Friday, January 30, 2015

Red Army Movie Review


More than the Ice Was Cold
by Susan Barocas (Contributing Editor)

Let me just say this from the start: I don’t like hockey. So when I tell you I saw Red Army twice in eight days quite happily, you know there is something special happening on the screen.

Red Army is feature documentary about the legendary Russian national hockey team in the last half of the 20th Century, as told through the eyes of their remarkable defenseman, Viacheslav “Slava” Fetisov. Hockey was one of the Soviet’s best political weapons, both inside the country and to the rest of the world. And, as one of the national team’s most prominent players, Fetisov was at various times loved and reviled by his own government.

For the totalitarian Soviets, hockey was part of the battle for domination... sports as a kind of warfare, as one journalist says in the film. Red Army tackles much more than just what happened on the cold ice. As those of us who are old enough remember, there was a Cold War going on at the time with all kinds of very serious East vs. West competition (remember the Space Race?) and threats - nuclear and otherwise.

Director Gabe Polsky, a former college hockey player, deftly handles weaving the story about the most successful team ever in sports history with this “big picture” of politics and modern history. Over the past decade, Polsky’s work has included producing the Emmy-nominated HBO documentary “His Way” about film producer Jerry Weintraub. He also co-directed, with his brother Alan, the 2013 indie favorite “The Motel Life.”

It’s a sign of Polsky's filmmaking skill that when we hear him on camera in exchanges with Fetisov, he strikes what seems to be just the right mix of deference, humor and defiance. As we get to know Fetisov more, we see that anything less would not have gotten the same extraordinary and revealing results.
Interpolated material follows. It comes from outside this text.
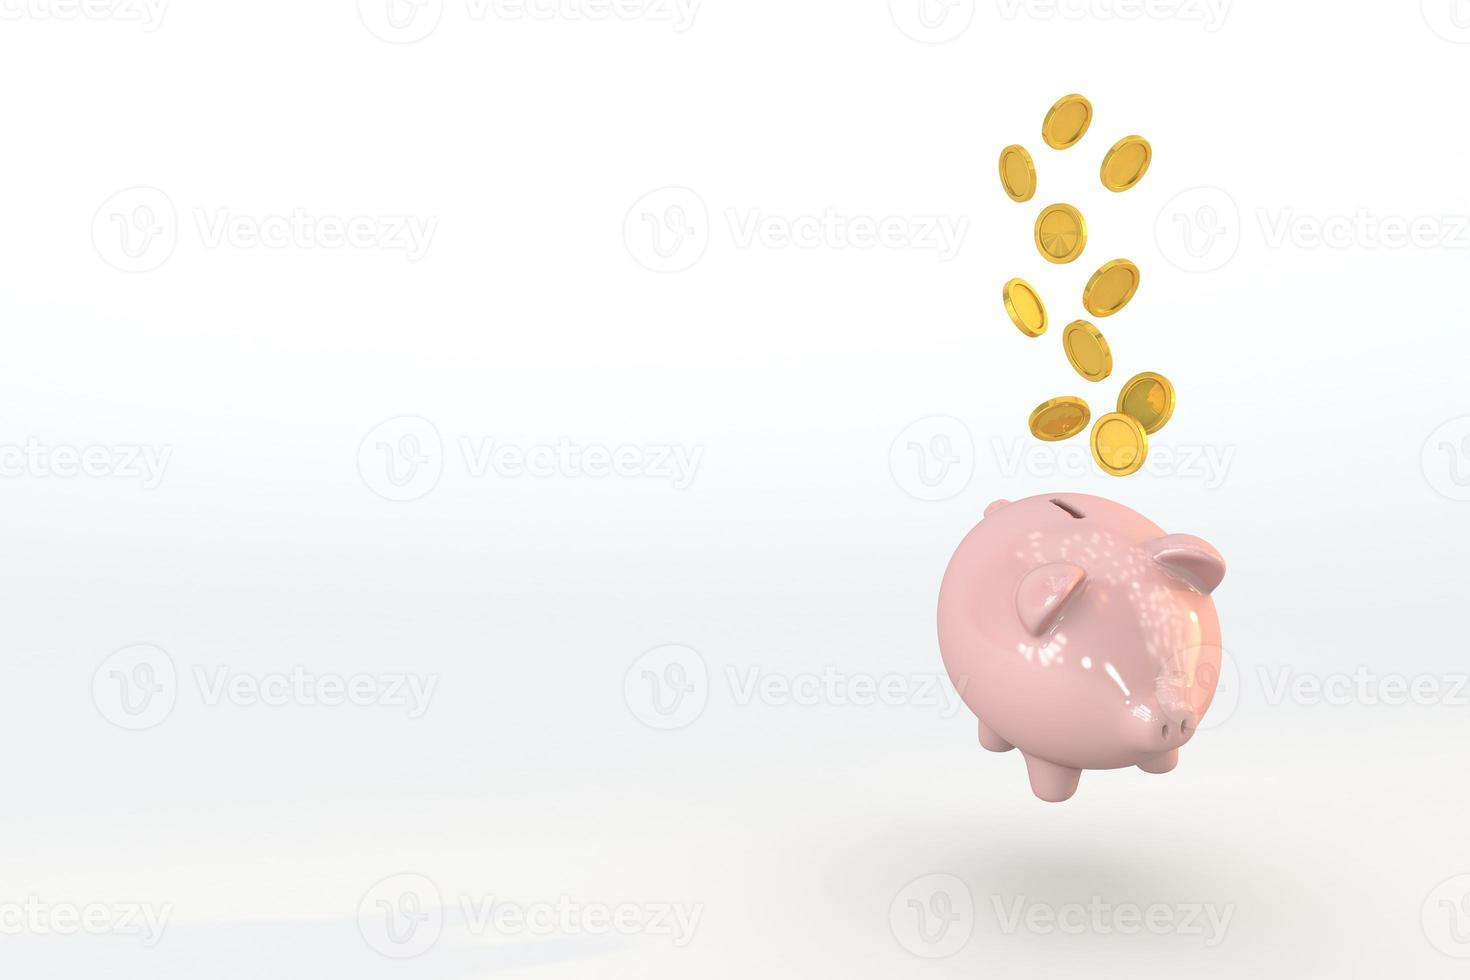 Hucha 3d y moneda de oro flotando un concepto financiero económico para ahorrar dinero foto

When the film opens, Fetisov appears to be just another distracted bureaucrat, juggling cell phones and ignoring the film crew. But once the story gets going - starting with Fetisov’s selection at age 10 for the Red Army training team - it doesn’t stop, moving like the hockey players in the film, back and forth across the ice, sometimes darting quickly and other times slowing down for a big sweep of the ice.

Through the years, the team comes together as a tight unit, especially the best ever “Russian Five,” with Fetisov becoming the youngest-ever captain of the team. Win after win, they demolish even the best professional hockey teams in the US. But then there’s what we call “the miracle on ice,” when the Red Army lost the gold medal to the US in the 1980 Olympics. It adds new depth to that moment in history, to see what happens to the silver medal team because along with the history and politics, what this film shows us so well is the other side, off the ice and behind the Iron Curtain - the extreme personal sacrifices and costs extracted by the brutal Soviet system that demanded, as Fetisov says, “No individuality, no emotions beyond sport.”

Fetisov is the kind of character screenwriters dream of creating: an engaging, complex character who is much beloved and sometimes misunderstood, a fighter with a brain and sense of humor…an imperfect person who is still more than he seems to be. And in this well-constructed movie, he’s not the only character who engages us. There are other players, coaches and even a wife - full of friendship and conflict, acts of courage and betrayal, patriotism and defection… and in the end, a kind of redemption that comes with living enough years to gain some perspective and understanding of our own lives as well as our collective history.

Whether you think you know or love hockey - or not - Red Army will warm you up, as we always hope a movie might on a cold winter night.